Macrotermes falciger termite mounds as indicators of lithogeochemical anomalies of metals of interest

Abstract

This study investigated the potential lithogeochemical filiation of Macrotermes falciger termite mound materials and the parent substrate materials sampled in both the Sakania and Tshisenda areas of the Haut-Katanga Province of the Democratic Republic of Congo. These geological areas with predominantly autochthonous cover are characterized by lateritic type profiles. Mineralogical characterization of Macrotermes falciger termite mound materials by infrared on 20–63 μm fractions indicated the presence of secondary minerals specific to tropical weathering. Further mineralogical analysis of 0–20 μm fractions using XRD also identified such primary and secondary minerals in these materials. A multi-element chemical analysis was performed on the <125 μm fractions of the different lithological substrates (granitic rock, feldspathic sandstone, and lateritic duricrust) as well as of the Macrotermes falciger termite mounds. Using log Fe2O3t/K2O vs logSiO2/Al2O3 ratios, all the samples were geochemically classified and lithogeochemical relationships were established. We showed that the yellow, grey and beige termite mounds were characterized by lithogeochemical facies of quartz-rich and slightly altered substrates (granite, arkose…) whereas the red termite mounds had lithogeochemical facies of clay formations associated with iron oxyhydroxides with less quartz.
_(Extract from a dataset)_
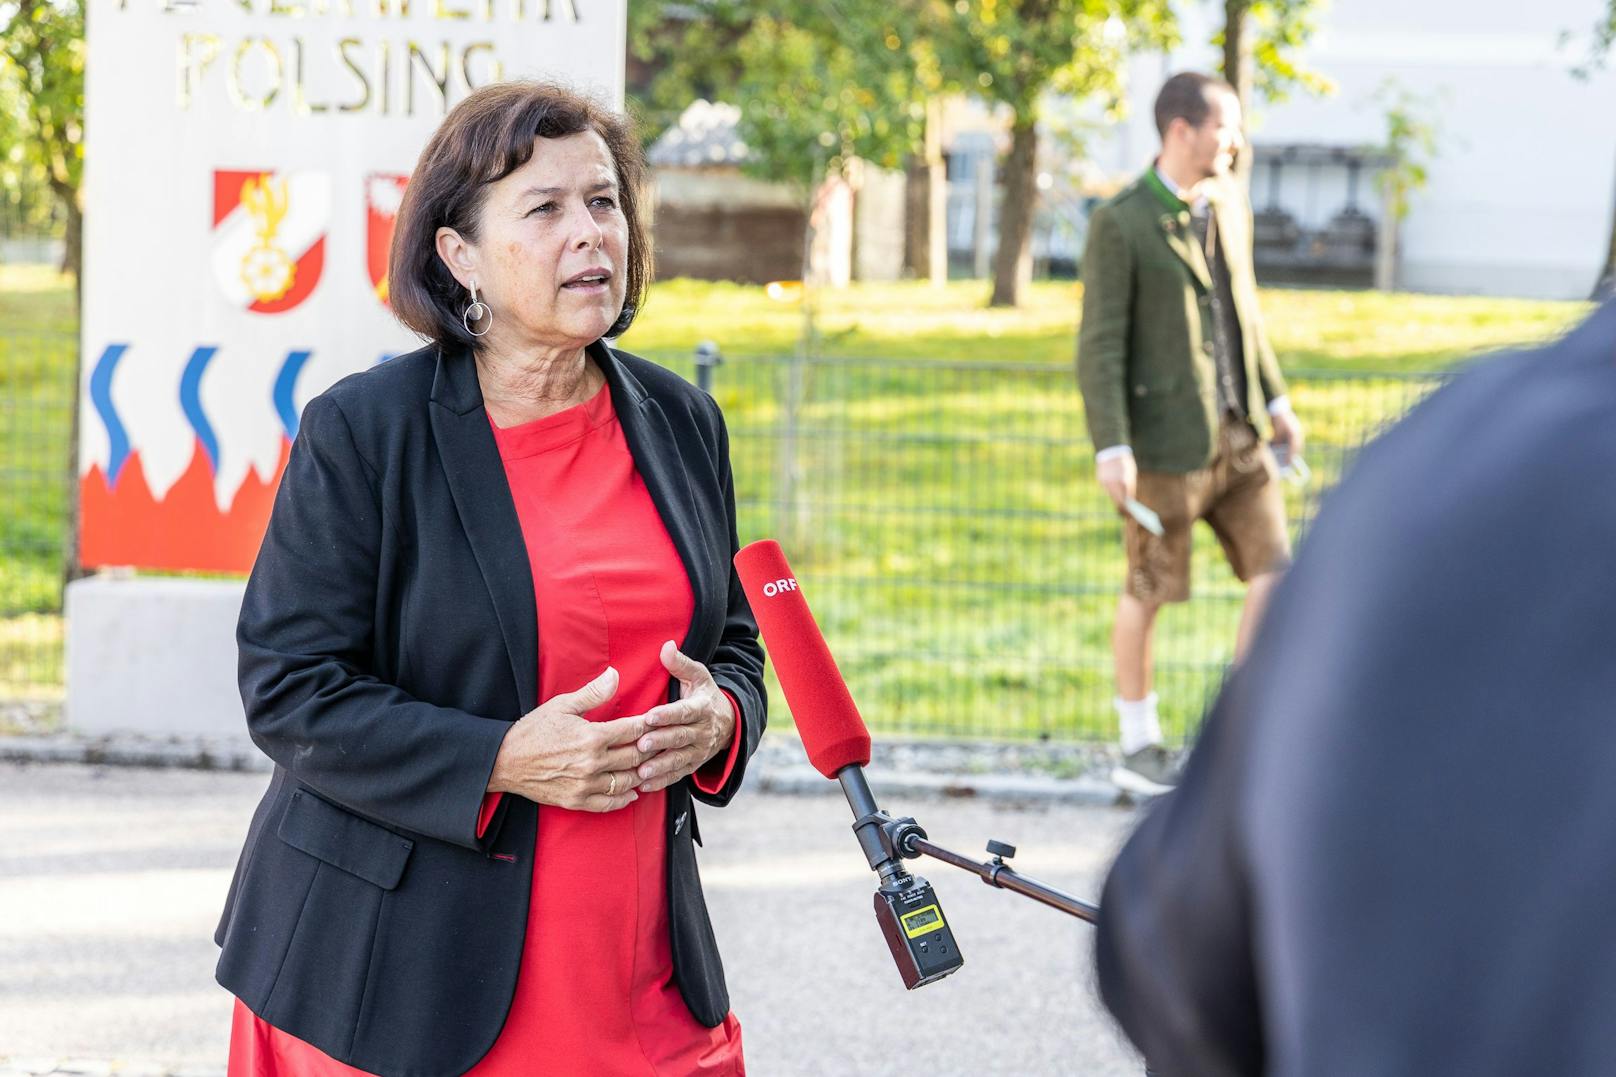 SPÖ-Spitzenkandidatin Birgit Gerstorfer vor ihrer Stimmabgabe zur Landtagswahl in Oberösterreich, am Sonntag 26. September 2021 in Alkoven.

The accumulation of oxyhydroxides (Al, Fe, Mn) and the enrichment of low-mobility trace elements (Zr and Hf) in some mound materials allowed us to identify the Macrotermes falciger material supply zone between the accumulation horizon marked by chemical precipitation phenomena and the horizon of progressive transition to altered bedrock. Carrier phases of metals of interest, such as Cu, Co, Ni, Pb and Zn, were identified through scanning electron microscopy coupled with energy dispersive X-ray spectroscopy (SEM-EDX) on constitutive particles of Macrotermes falciger termite mounds. These 5 metals of interest were sorted into <63 μm, 20–63 μm and 0–20 μm fractions, then chemically analyzed to reveal their accumulation in the 0–20 μm fractions. These results, provide clear evidence that Macrotermes falciger termite mound materials are ideal for providing information on lithogeochemical anomalies in geochemical prospection.